3. Things I learned about myself

That Python makes coding much more enjoyable for me. As someone who used C++ and C# a lot previously, I don’t think I could ever go back after using python as my primary language for a few years. Not that I have anything against C++ and C# – those languages have their purpose – but they weren’t designed with numerical and scientific programming in mind. Have you ever tried solving a linear algebra problem in C#? Even with the best available math libraries, it was often like pulling teeth. There are lots of nice things about Python, like how lists and dictionaries just MAKE SENSE, and work without a lot of fuss. This, combined with the large community and number of available libraries, makes it much better for prototyping than anything else out there.
I still learn best through doing. This is likely the engineering part of me showing, but I usually understand something much faster by implementing it, or a simpler version of it, than by reading theory. Theory is obviously important, but you’ll definitely realize something is wrong with your pen-and-paper work when you write the code and find that you have 99 equations but 101 unknowns. This was often true when I was working on deep learning models. I could much more easily understand how a model worked by starting with the smallest code details and working my way up, rather than starting with the general idea and working my way down.

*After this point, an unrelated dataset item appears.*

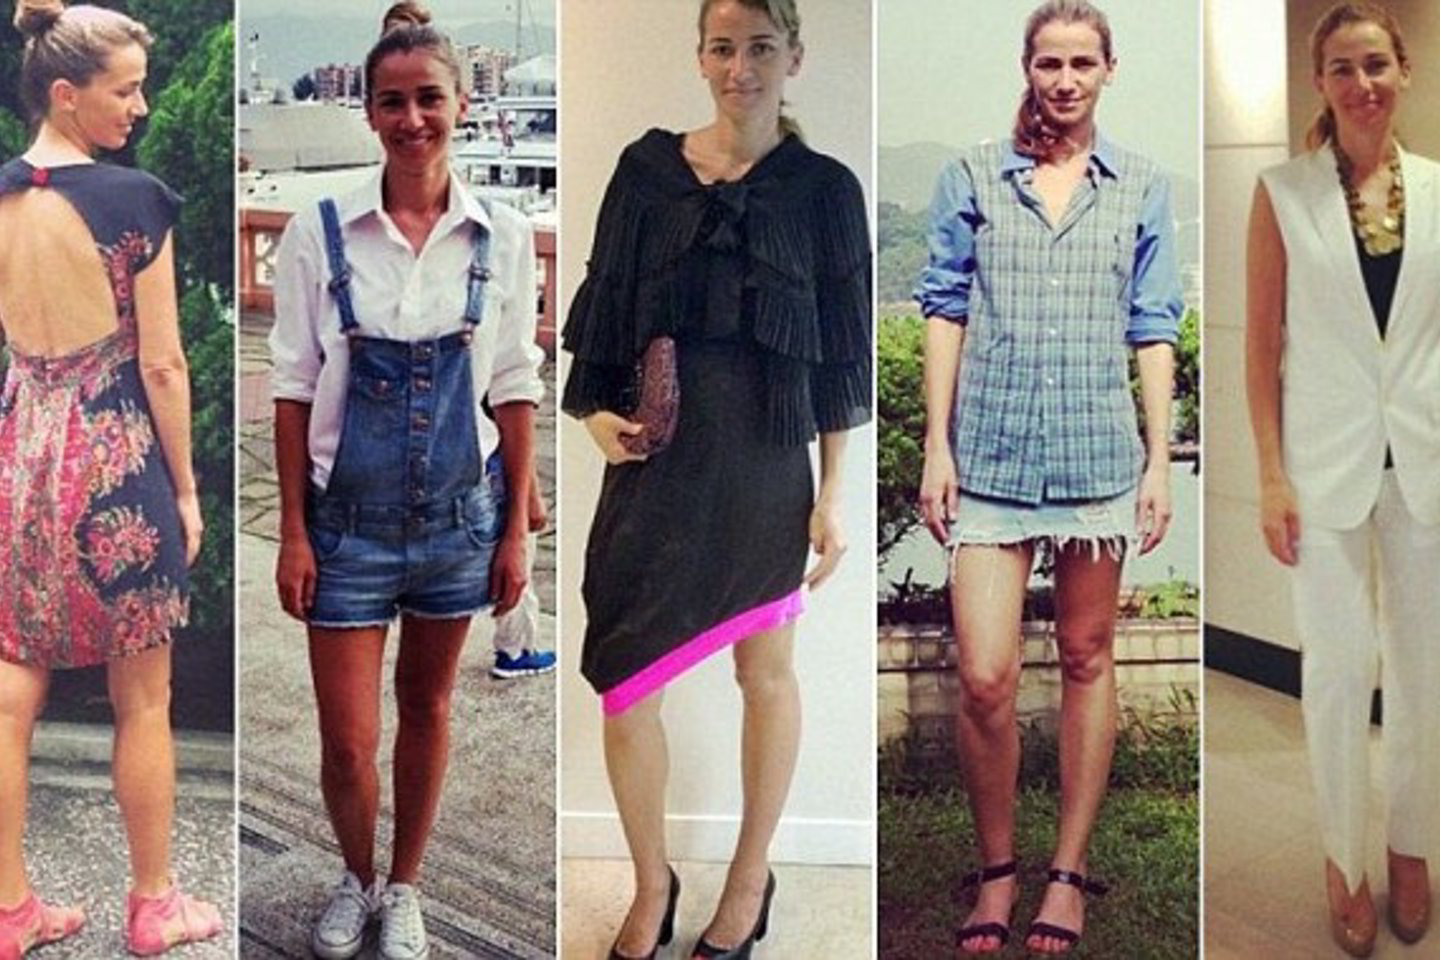 365 dienas vilkėti tik dėvėtus kitų žmonių drabužius - tokį tikslą sau užsibrėžė Christina Dean.<br>"Instagram" nuotr.

I’m able to work completely remotely, though I don’t always enjoy it. The middle of my year working this job happened to coincide with the 2019/2020 coronavirus pandemic, which forced a lot of companies to allow people to work remotely. Of course, I was already fully working from home, so this only affected me in that my wife also started working from home full time. Before the pandemic hit, I found that, while working from home had its advantages (your commute was walking from your bed to your desk), I started missing the separation between my home and work life, and also missed having some human contact. I concentrate better when I’m in an environment that I associate with productivity. Our company leased a co-working office in downtown Toronto that we could use, and I found that working there two to three times a week was the ideal compromise – I could still be lazy and stay in, or I could commute to the office have a change of scenery when I needed it.
I finally “got” open source. Nowadays, whenever I write code that someone else might find useful and isn’t proprietary, I put it onto github. However, a few years ago, I mostly worked on C# software for specific business applications, and I subsisted on closed-source libraries provided by Microsoft. It was my current job that really opened me up to the world of open source, especially with Python. There are so many useful open-source projects where the maintainers are actively engaging with other developers, that I wanted to be able to contribute to other peoples’ code and make my own projects available.